This format of XML in a zip with a docx extension came into existence in Office 2007

mickeyp · 12h ago

Sorry but XML is a good fit for this. Most people who've never used XML cannot ever fathom that it does actually do a number of things well.

Being able to layer markup with text before, inside elements, and after is especially important --- as anyone with HTML knowledge should know. Being able to namespace things so, you know, that OLE widget you pulled into your documents continue to work? Even more important. And that third-party compiled plugin your company uses for some obscure thing? Guess what. Its metadata gets correctly embedded and saved also, and in a way that is forward and backwards compatible with tooling that does not have said plugin installed.

So no, it wasn't 'hype'.

Hnrobert42 · 10h ago

There are good use cases for XML.

There was also huge hype. XML databases, anyone? XML is now an also-ran next to json, yaml, markdown. At the time, it was XML all the things!

mcswell · 2h ago

I guess this is not directly related, but I worked on a modified DocBook XML schema for some years. We were writing grammars of natural languages, so we had no use for some of the DocBook constructs, and needed to add others. That wasn't hard. And there are WYSIWYM (What You See Is What You Mean) editors, like XMLmind, which read the schema and helped you create conforming documents.

There are at least two ways to get from such an XML document to a PDF; we used pdfLaTeX, modified to handle our extra constructs, and then XeLaTeX.

I won't say it was a simple toolpath, but it allowed us to do at least two things that would have been difficult with Word or OpenOffice:

(1) It gave us an archival XML format, which will probably be readable and understandable for centuries. For grammars of endangered languages, that's important, because the languages won't be around more than a couple decades.

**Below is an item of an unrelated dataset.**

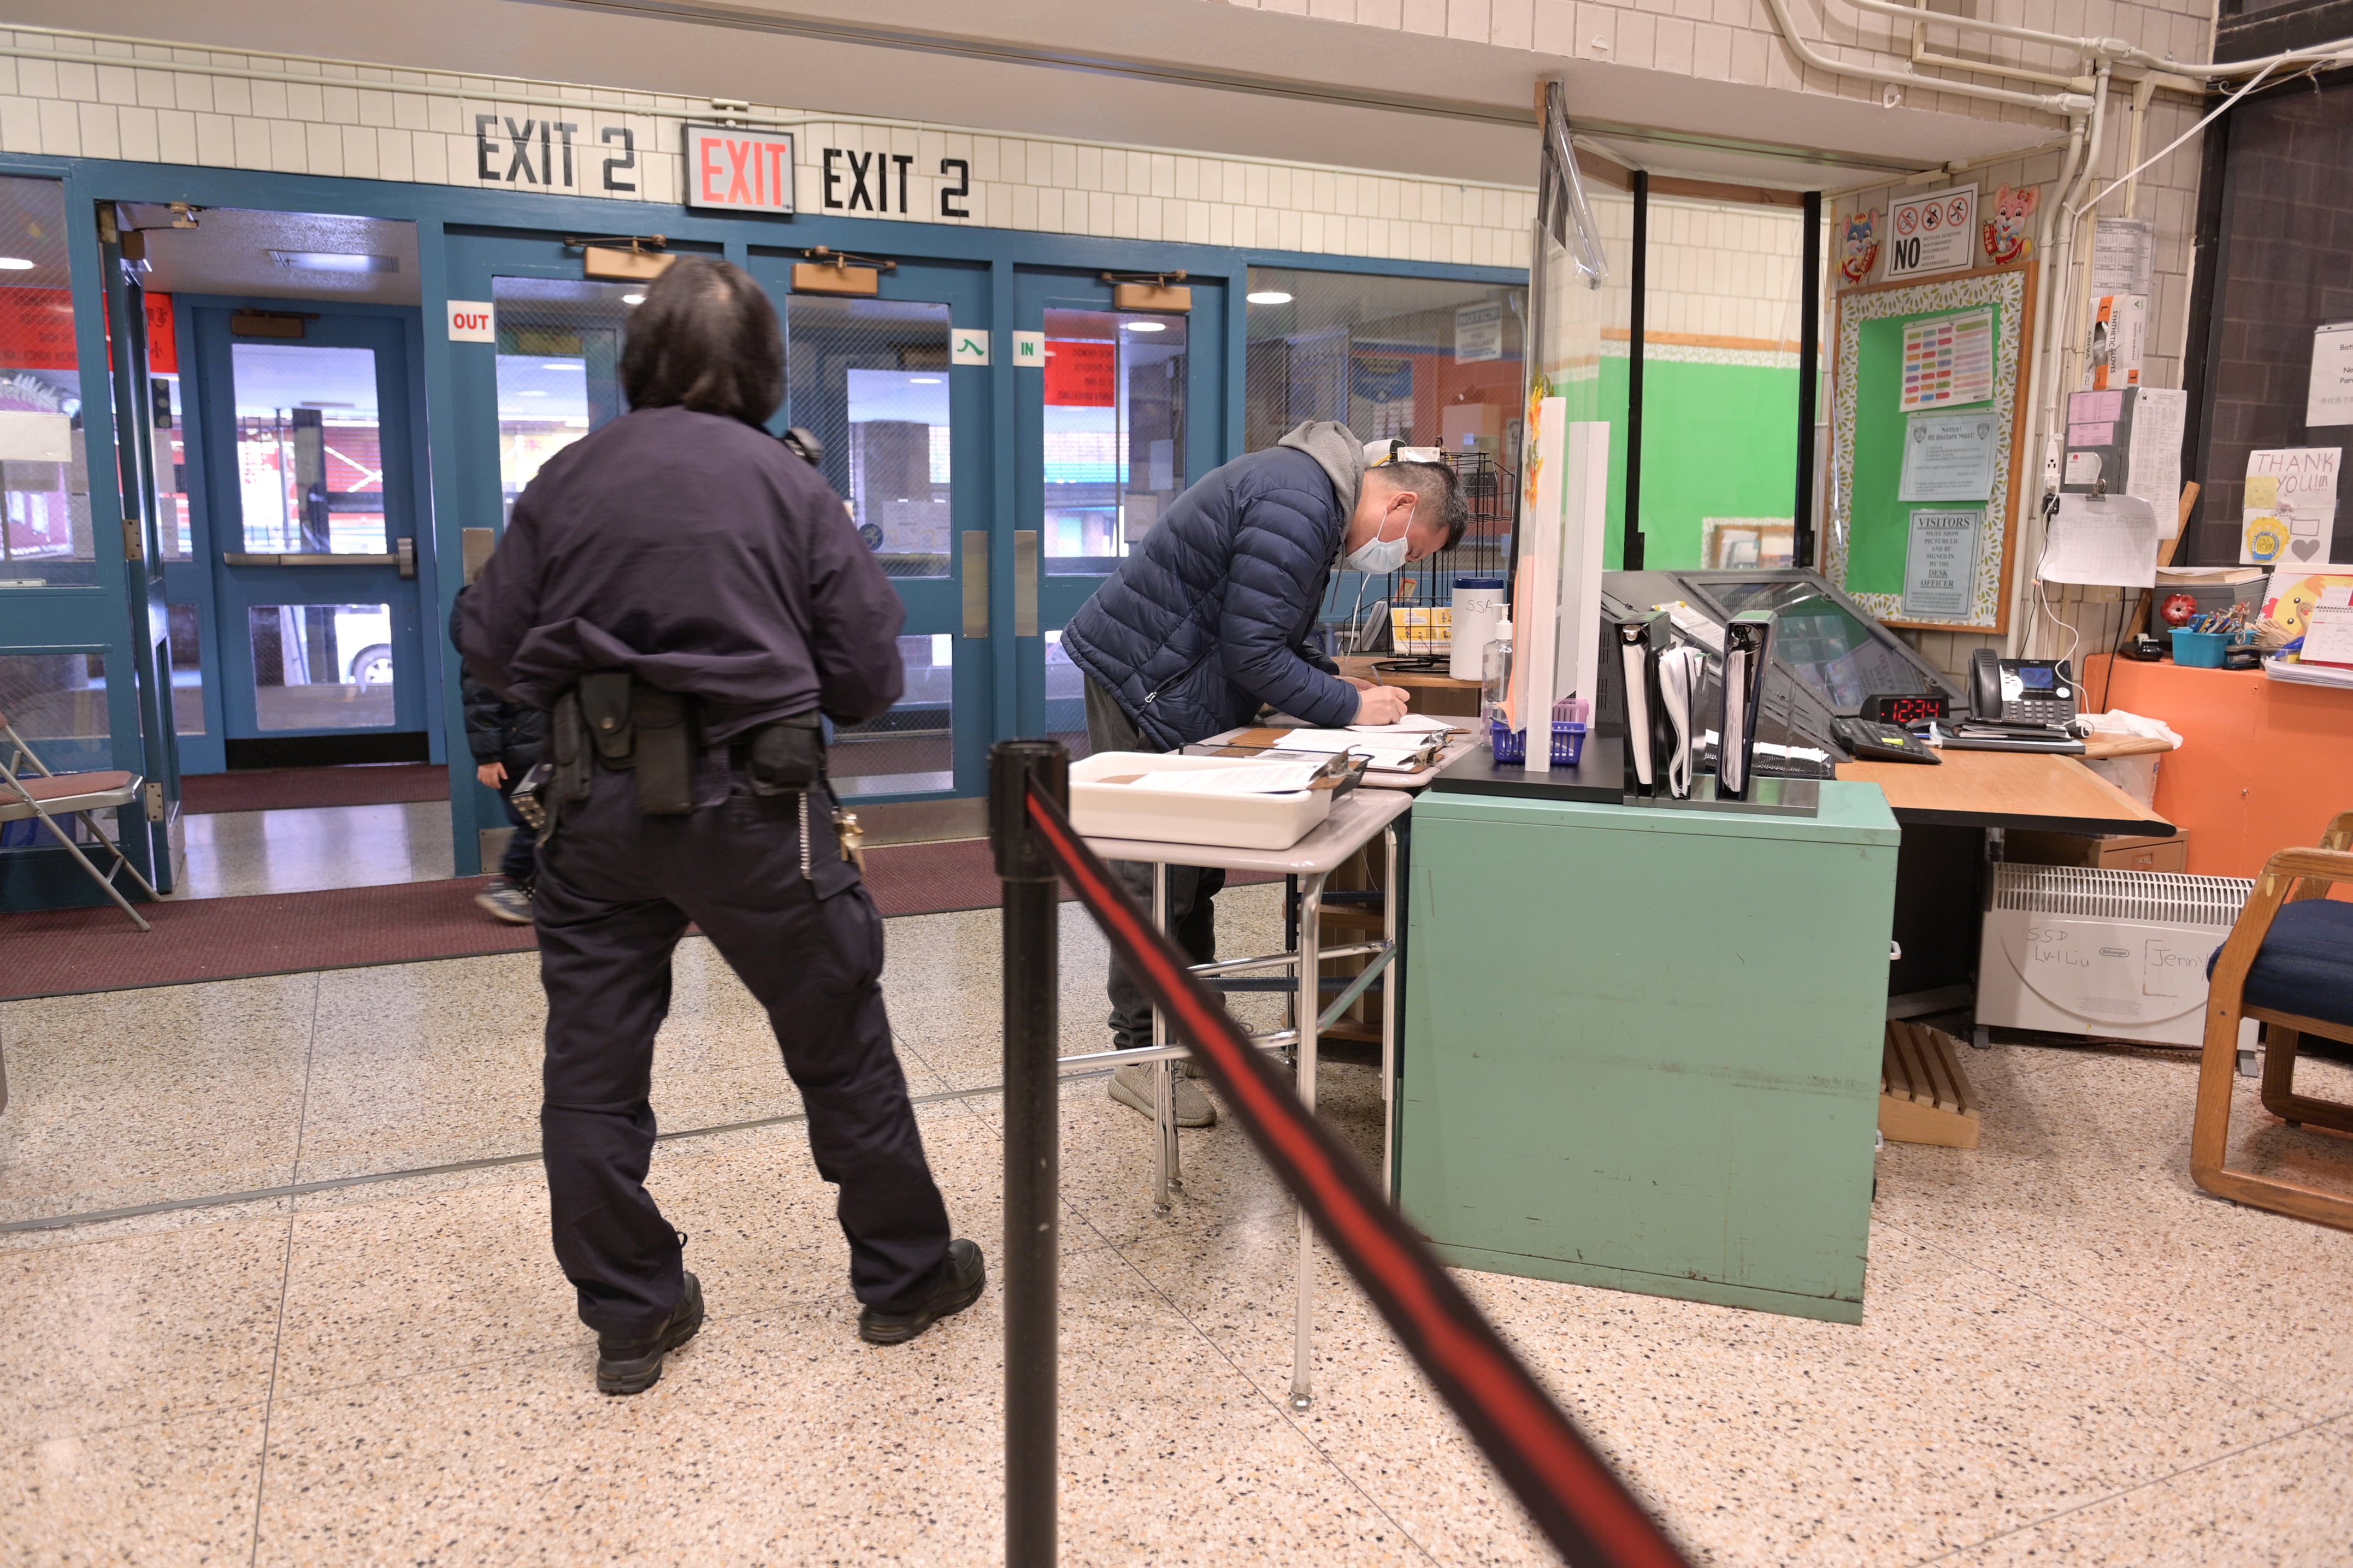 A school security guard watches a parent sign in at the entrance of their school.

(2) It gave us the ability to cleanly typeset documents that had multiple scripts (including both Roman and various right-to-left scripts, like Arabic and Thaana).

wvenable · 17h ago

> Unfortunately, while an XML schema can be simple, it can also be unnecessarily complex, bloated, convoluted and difficult to implement without specific knowledge of its features.

One could now use that exact sentence to describe the most popular open document format of all: HTML and CSS.

masa331 · 15h ago

Can you be more specific here? HTML and CSS can't be described like that in my opinion.

It is complex but not complicated. You can start with just a few small parts and get to a usable and clean document within hours from the first contact with the languages. The tags and rules are usually quite self-describing while consice and there are tons and tons of good docs and tools. The development of the standards is also open and you can peek there if you want to understand decisions and rationals.

yegle · 14h ago

You could say the existing browser vendors pushed to make the HTML standard more complicated to the point that there's no chance for a newcomer to compete with the existing ones.

Voultapher · 9h ago

Ladybird would like a word.

Though I agree that the web standards are extremely large. Not sure if they are too large, given their cross-platform near OS layer functionality.

alterom · 14h ago

It's not about making a document.

It's about making software that would display a document in that format correctly.

I.e., a browser.

perching_aix · 14h ago

The current HTML spec alone is a 1000+ page PDF, and I can't imagine the CSS spec being much shorter.

Wordsmithing your way around this doesn't make them any easier.

acdha · 10h ago

Sure, technical documents are long but that still doesn’t support the original claim that they are “unnecessarily complex, bloated, convoluted” and it’s actually evidence against the assertion that they’re “difficult to implement without specific knowledge of its features”: most of why those are long documents is that they carefully detail how necessarily complex systems interact in sufficient detail to implement them whereas the Office XML specs at least historically had things like flags telling to behave like, say, Word95 without fully specifying the behaviour in question.

perching_aix · 10h ago

The original claim was clearly actually just an opinion; I don't think there's merit to treating it as a series of logical statements, or at intricate depth in general.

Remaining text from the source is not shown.